### Exercise details
The listing below is to be duplicated exactly, with every picture omitted.

### Dataset section
◇ ◇ ◇ ◇ ◇

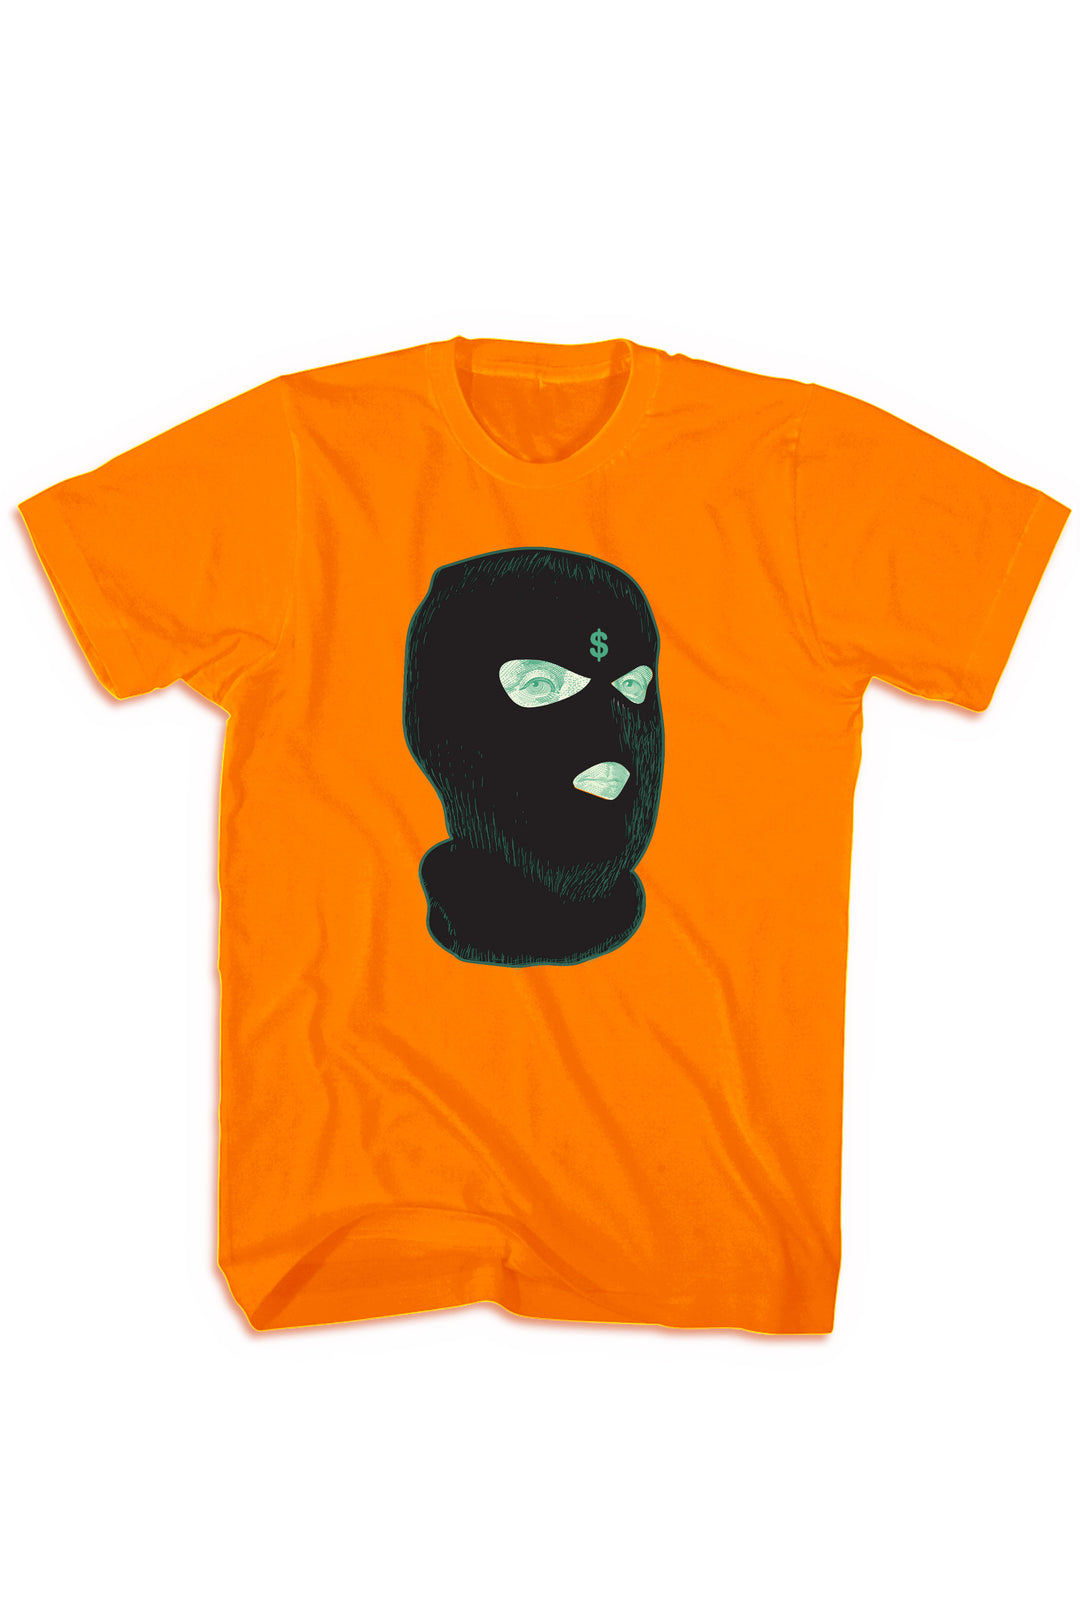 Ski Mask Money Tee (Black Logo) - Zamage
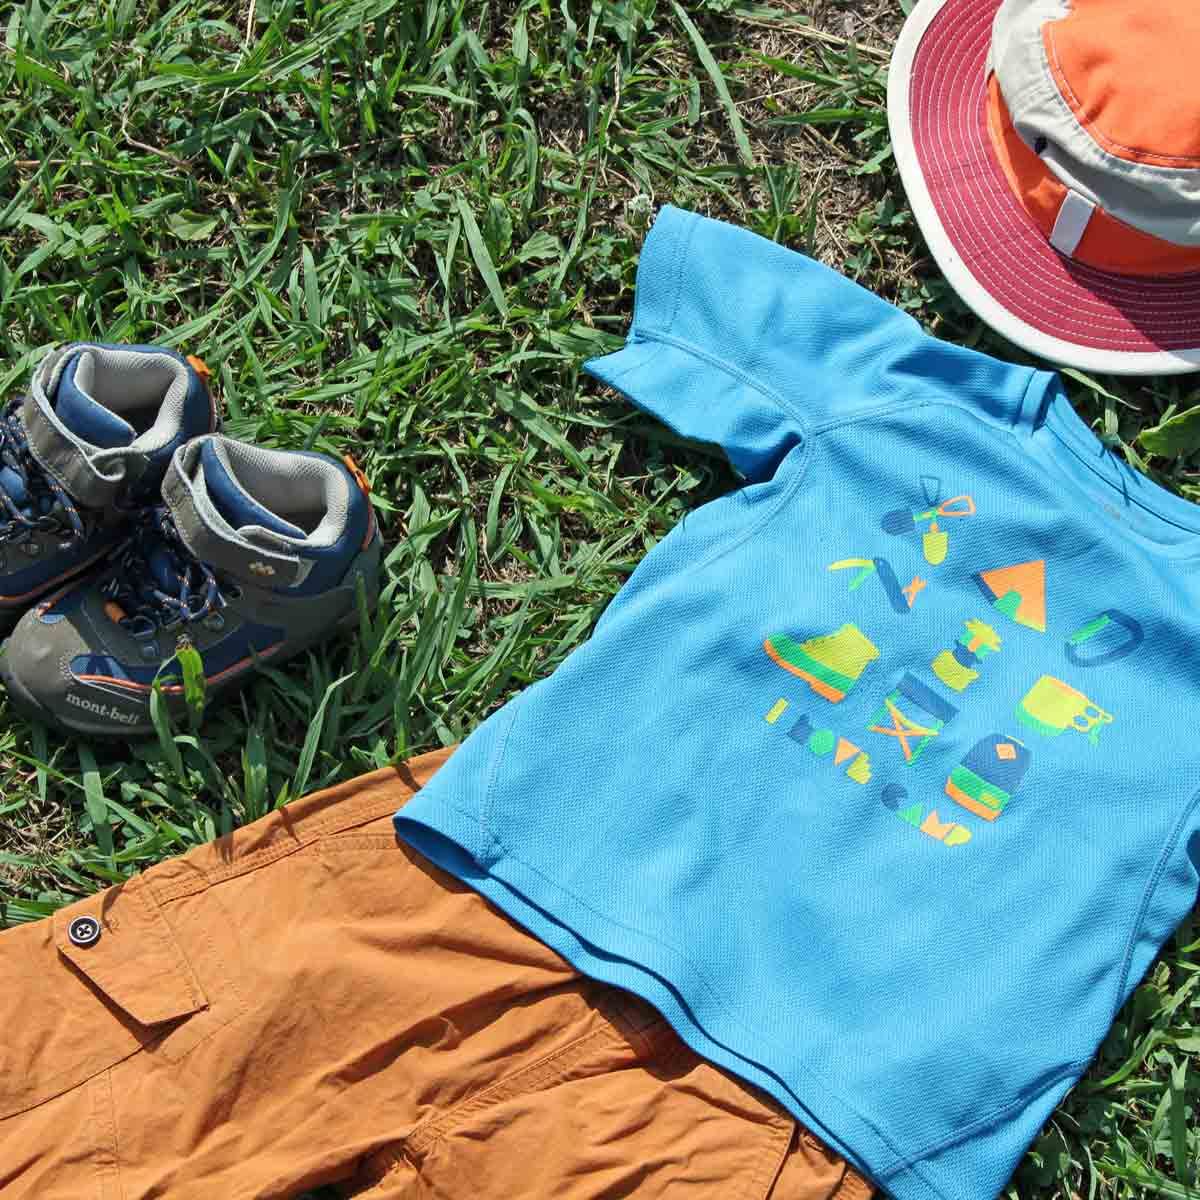 キャンプやハイキングなどで快適に遊ぶための子どもの服装 教えます 価格 Comマガジン
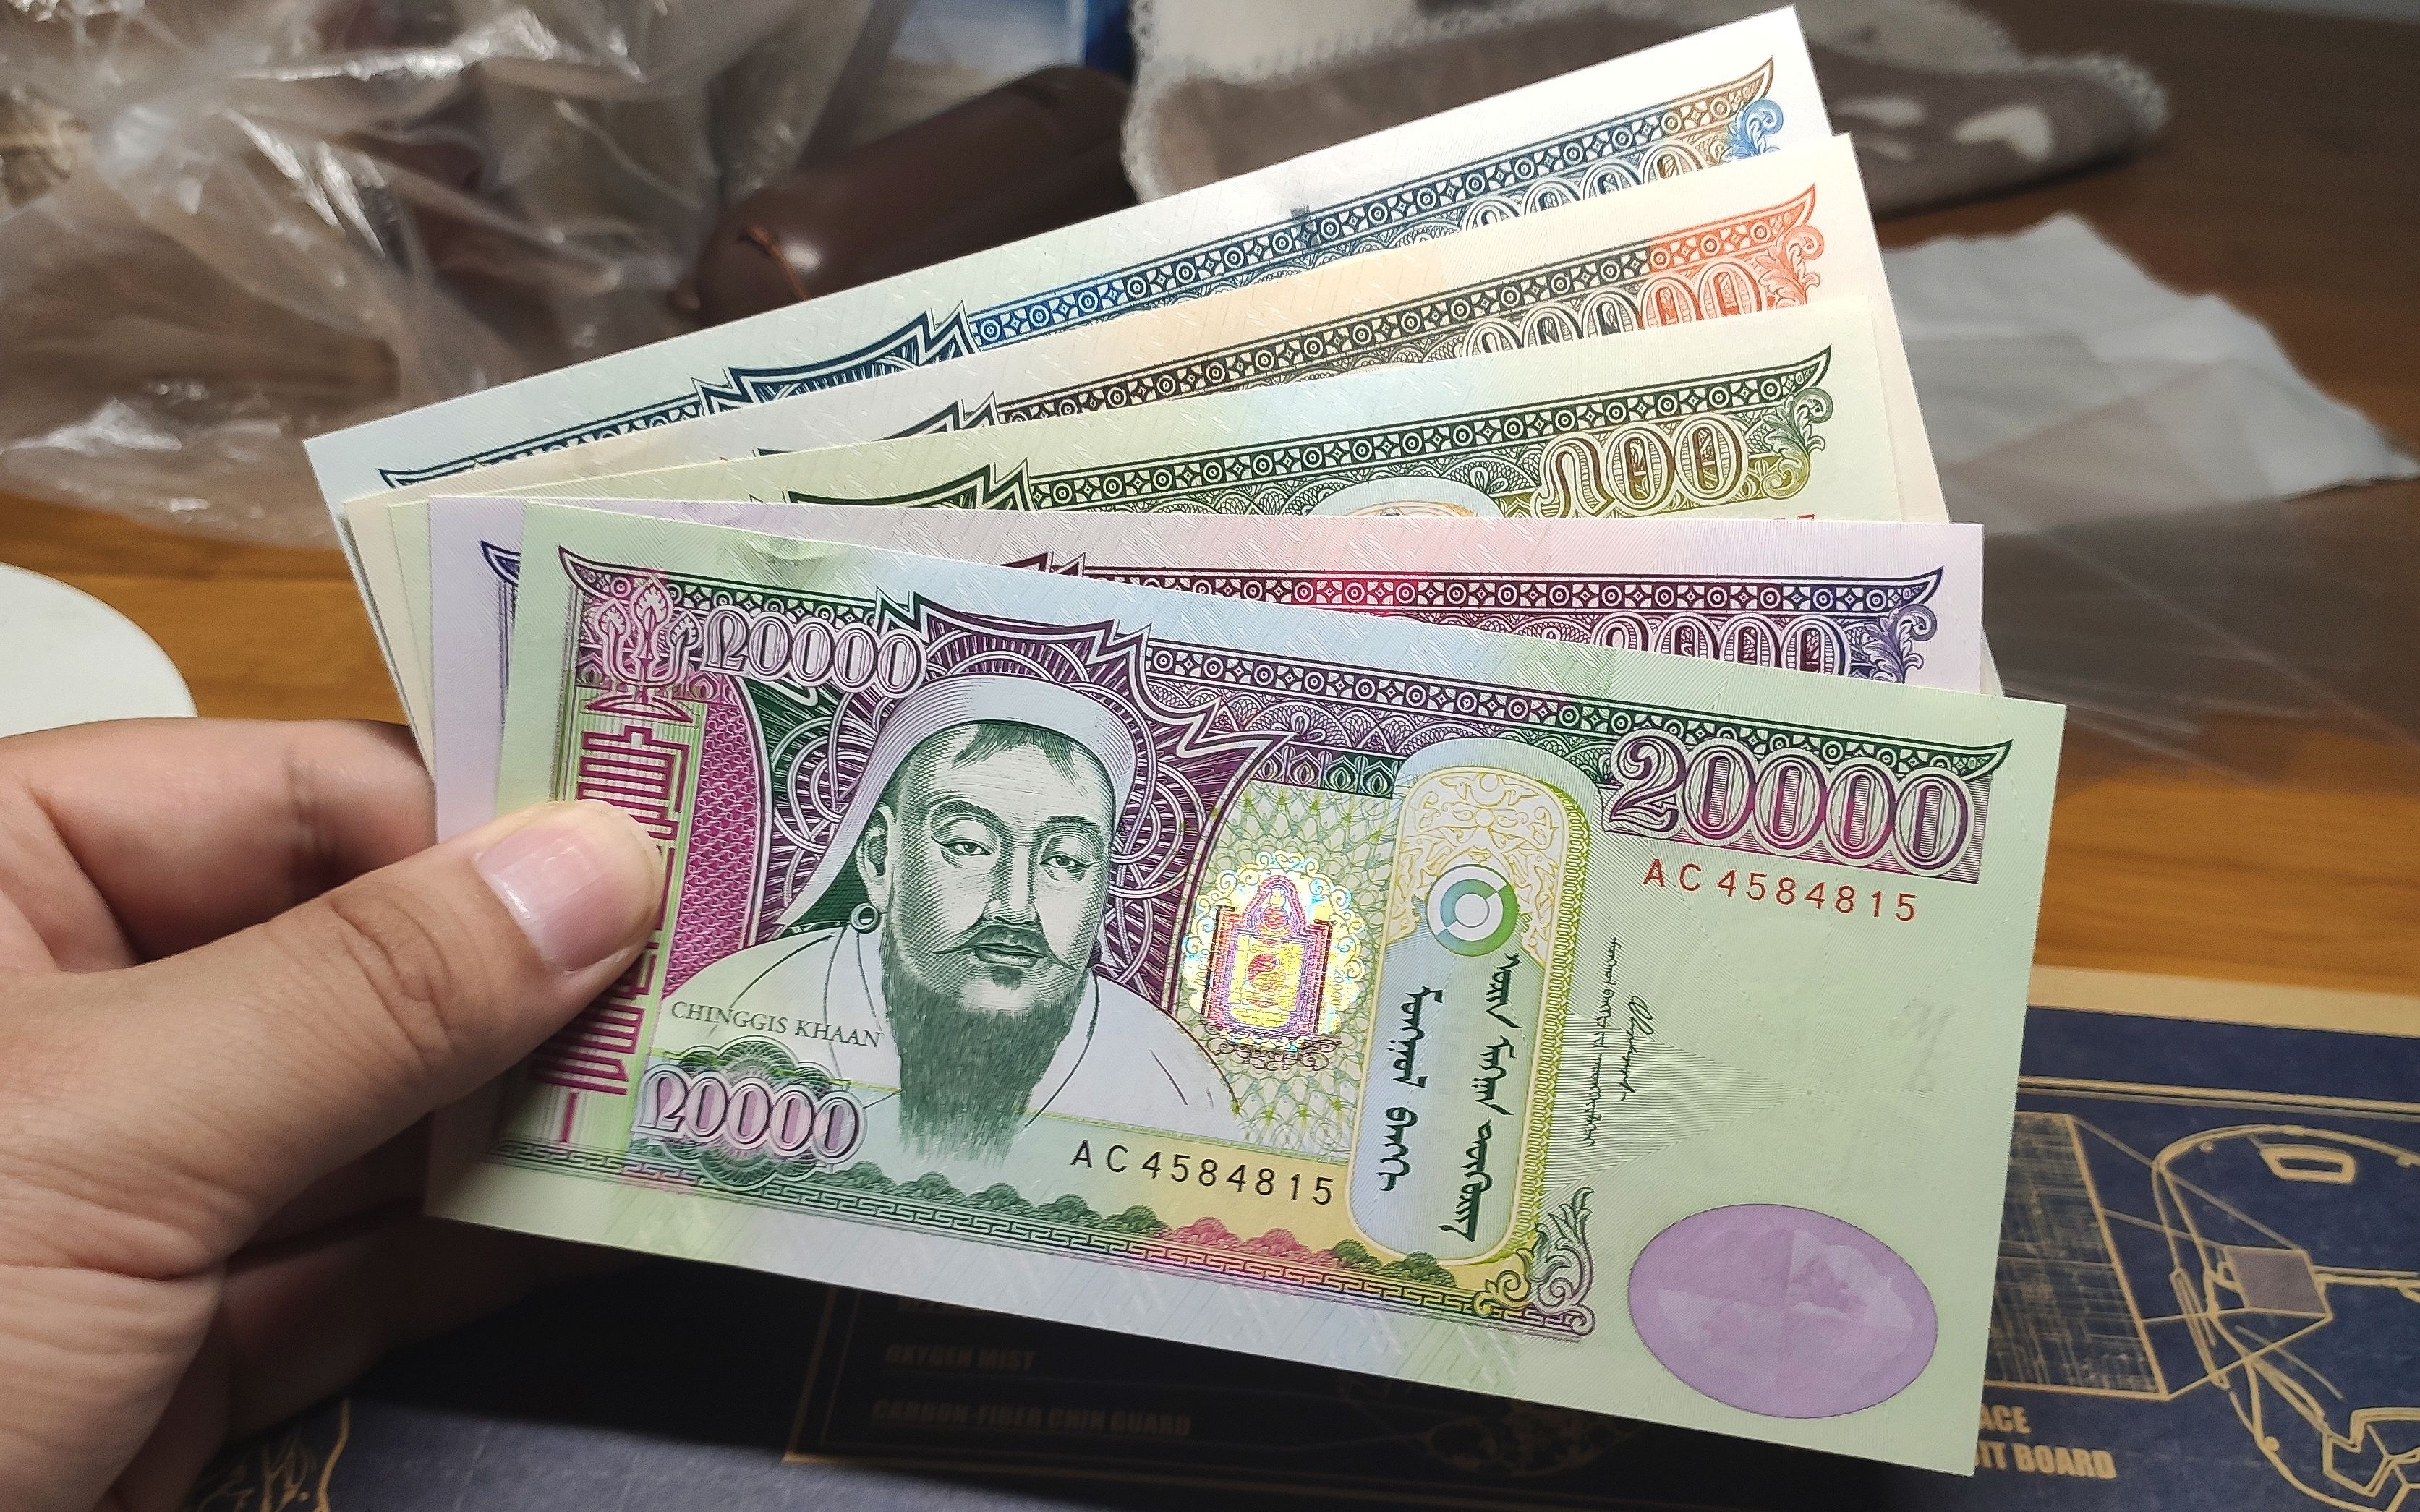 收来一套蒙古的钞票,最高面额20000才值人民币50元!

◇ ◇ ◇ ◇ ◇

### Problem solution
 Ski Mask Money Tee (Black Logo) - Zamage
 キャンプやハイキングなどで快適に遊ぶための子どもの服装 教えます 価格 Comマガジン
 收来一套蒙古的钞票,最高面额20000才值人民币50元!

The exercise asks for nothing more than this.